→ **DATASET EXTRACT**
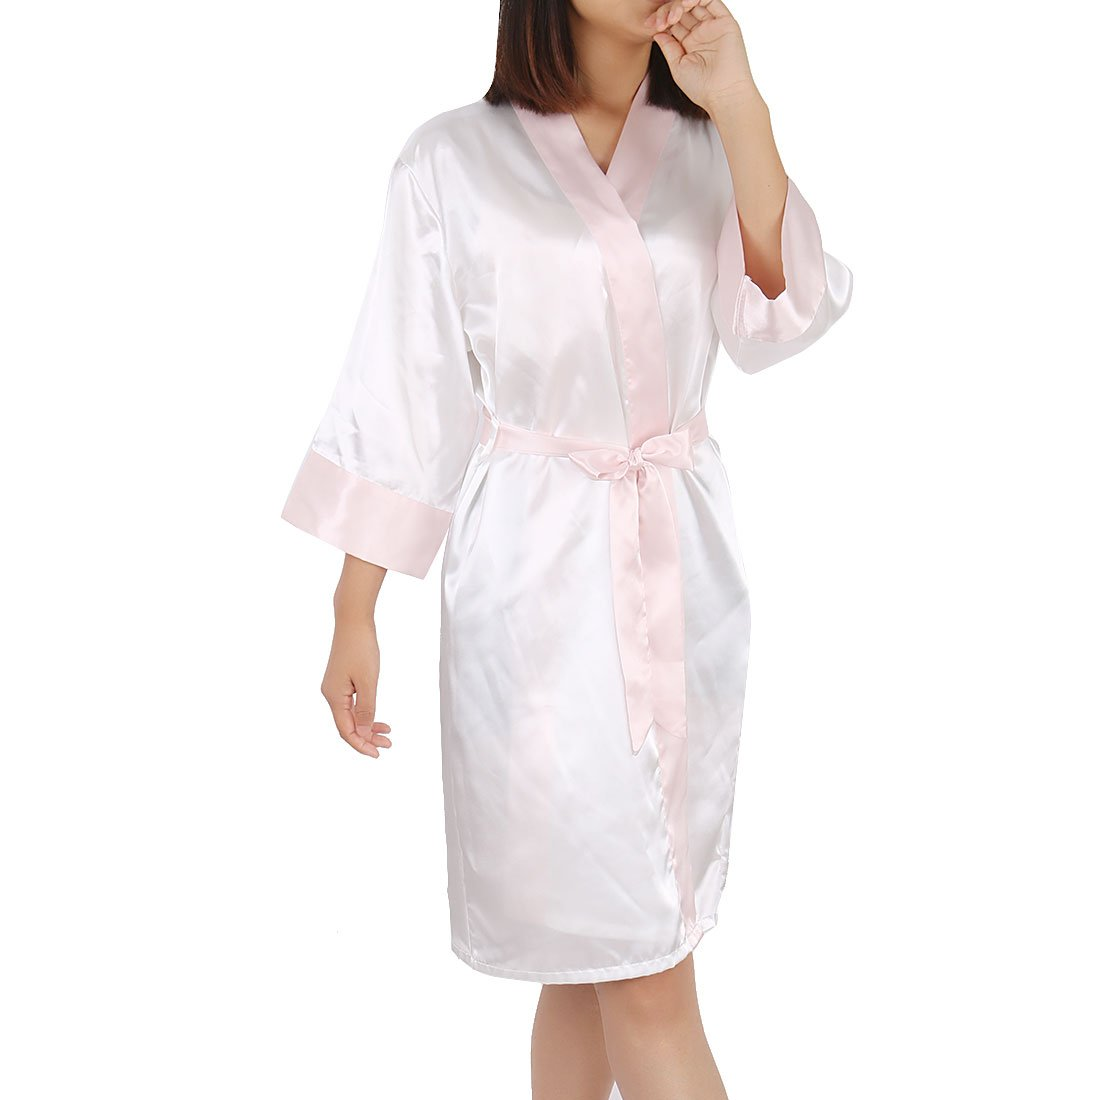 cff1a5711 Amazon.com  uxcell Womens Kimono Robe Silk Satin Bridal Lingerie Short  Sleepwear (White+Light Pink
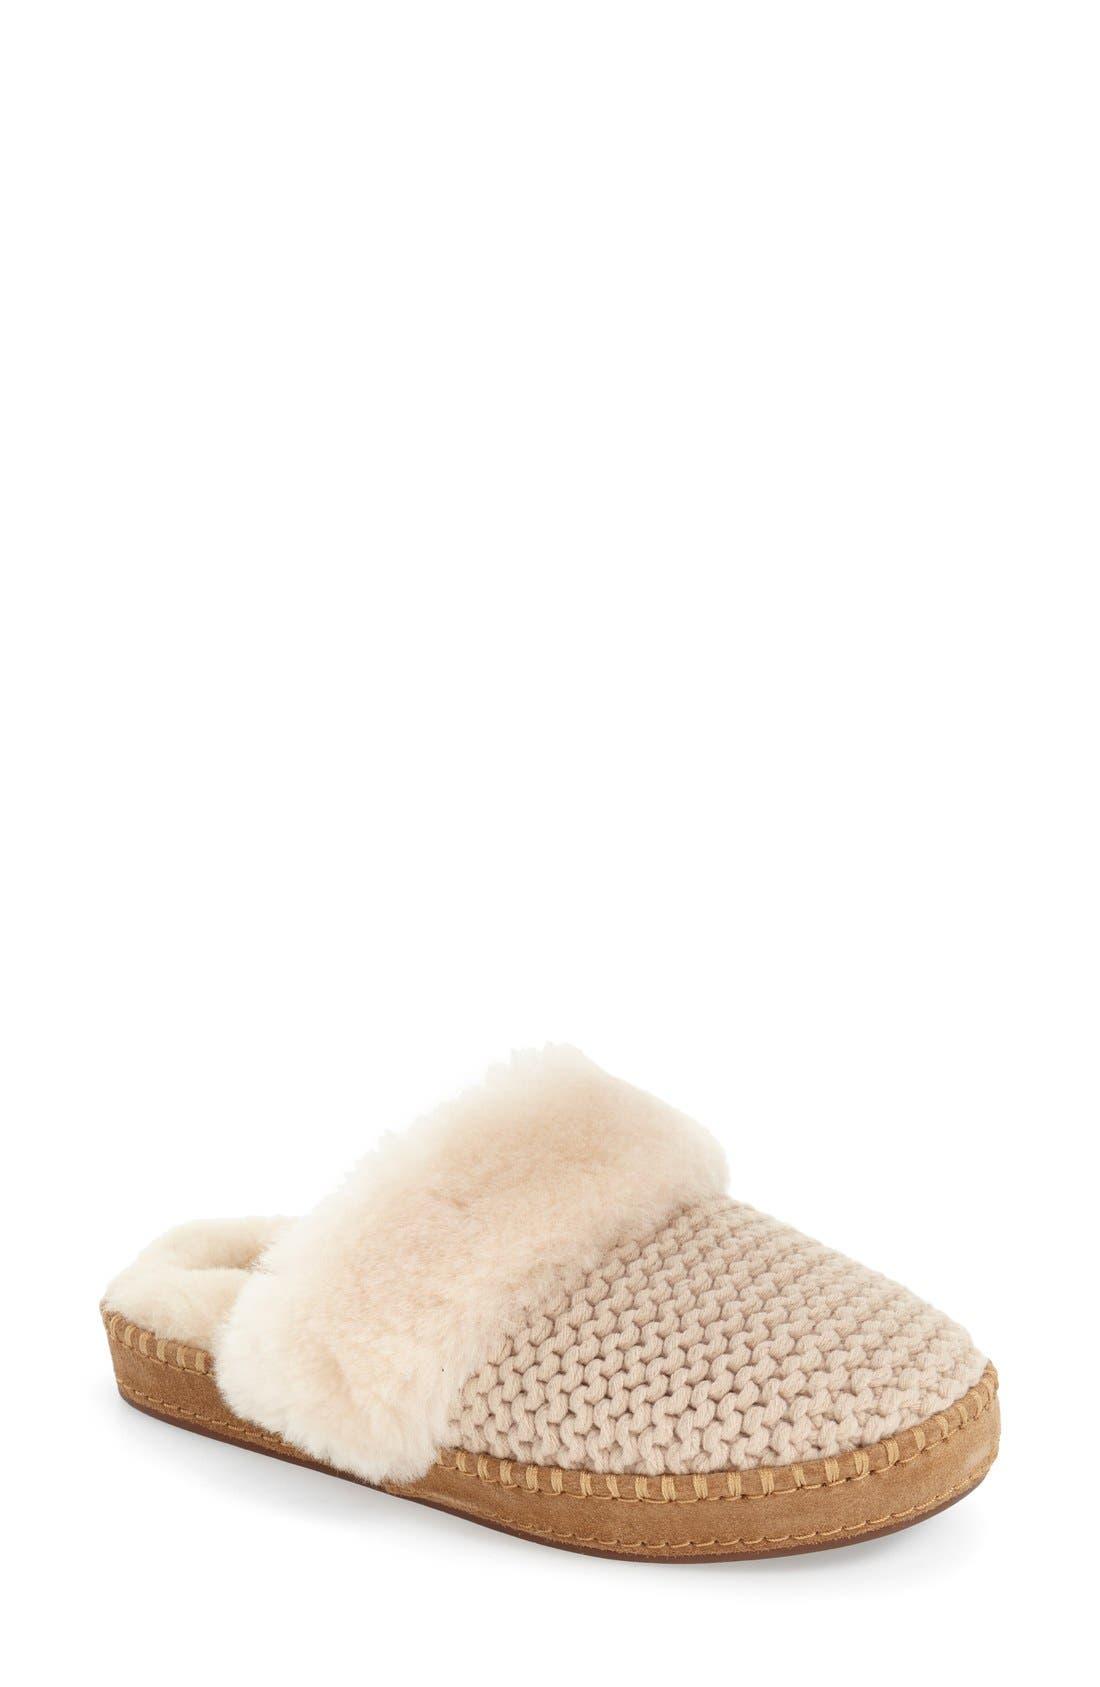 Alternate Image 1 Selected - UGG® Aira Knit Scuff Slipper (Women)
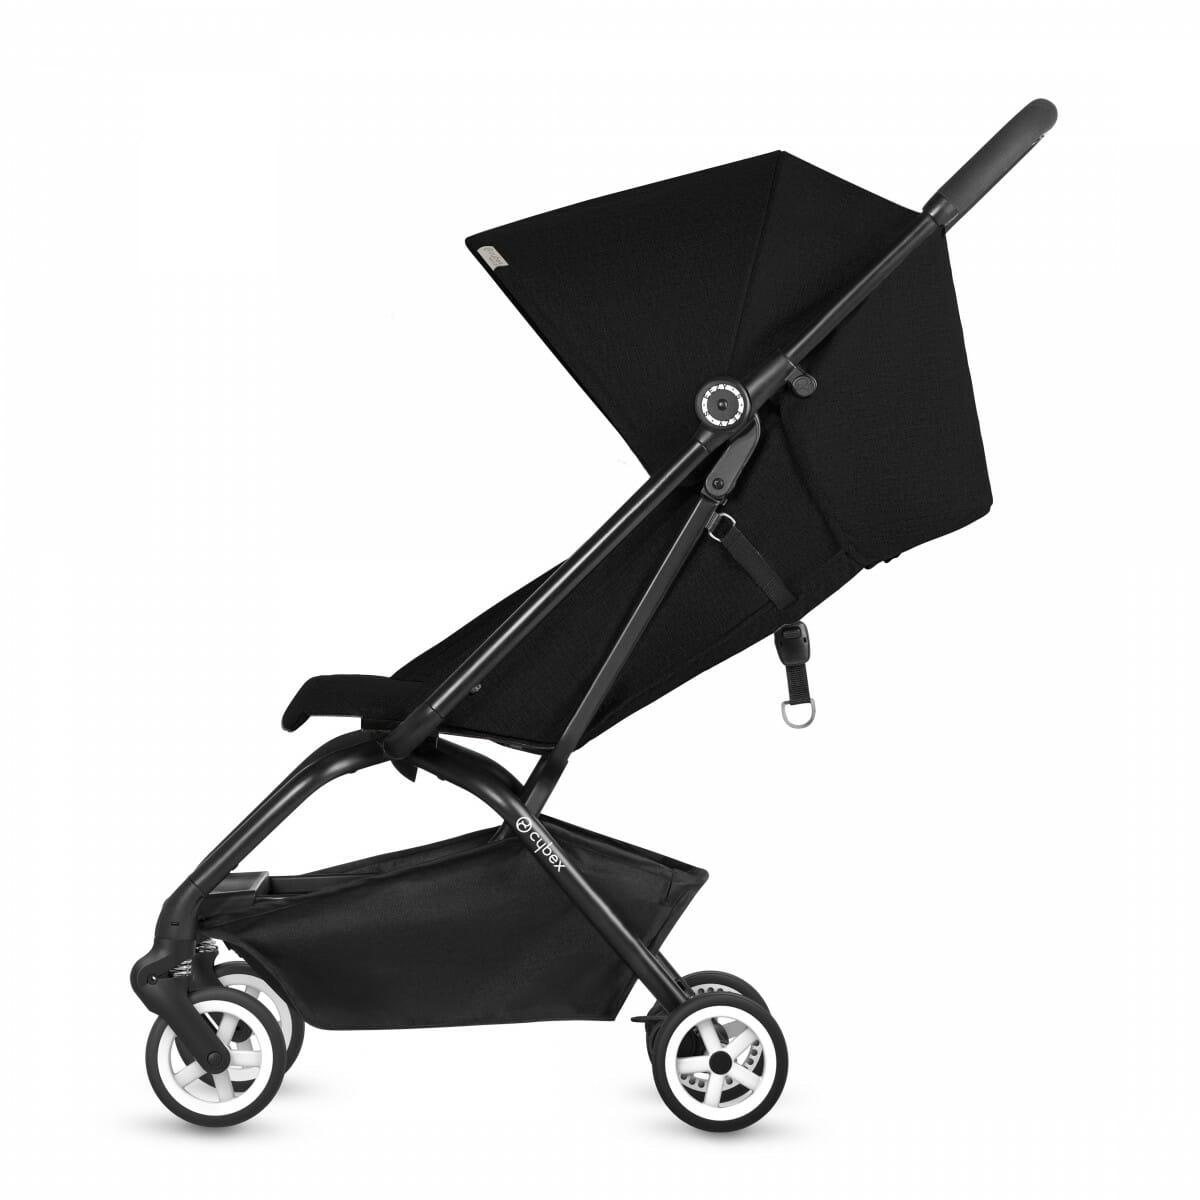 Cybex Eezy S Stroller Lavastone Black Recline

→ **WHAT TO DO**
Begin at the line with "Alternate Image 1" and end at the last line of the data above. Reproduce those lines exactly, but not the pictures.

→ **RESPONSE AREA**
 Alternate Image 1 Selected - UGG® Aira Knit Scuff Slipper (Women)
 Cybex Eezy S Stroller Lavastone Black Recline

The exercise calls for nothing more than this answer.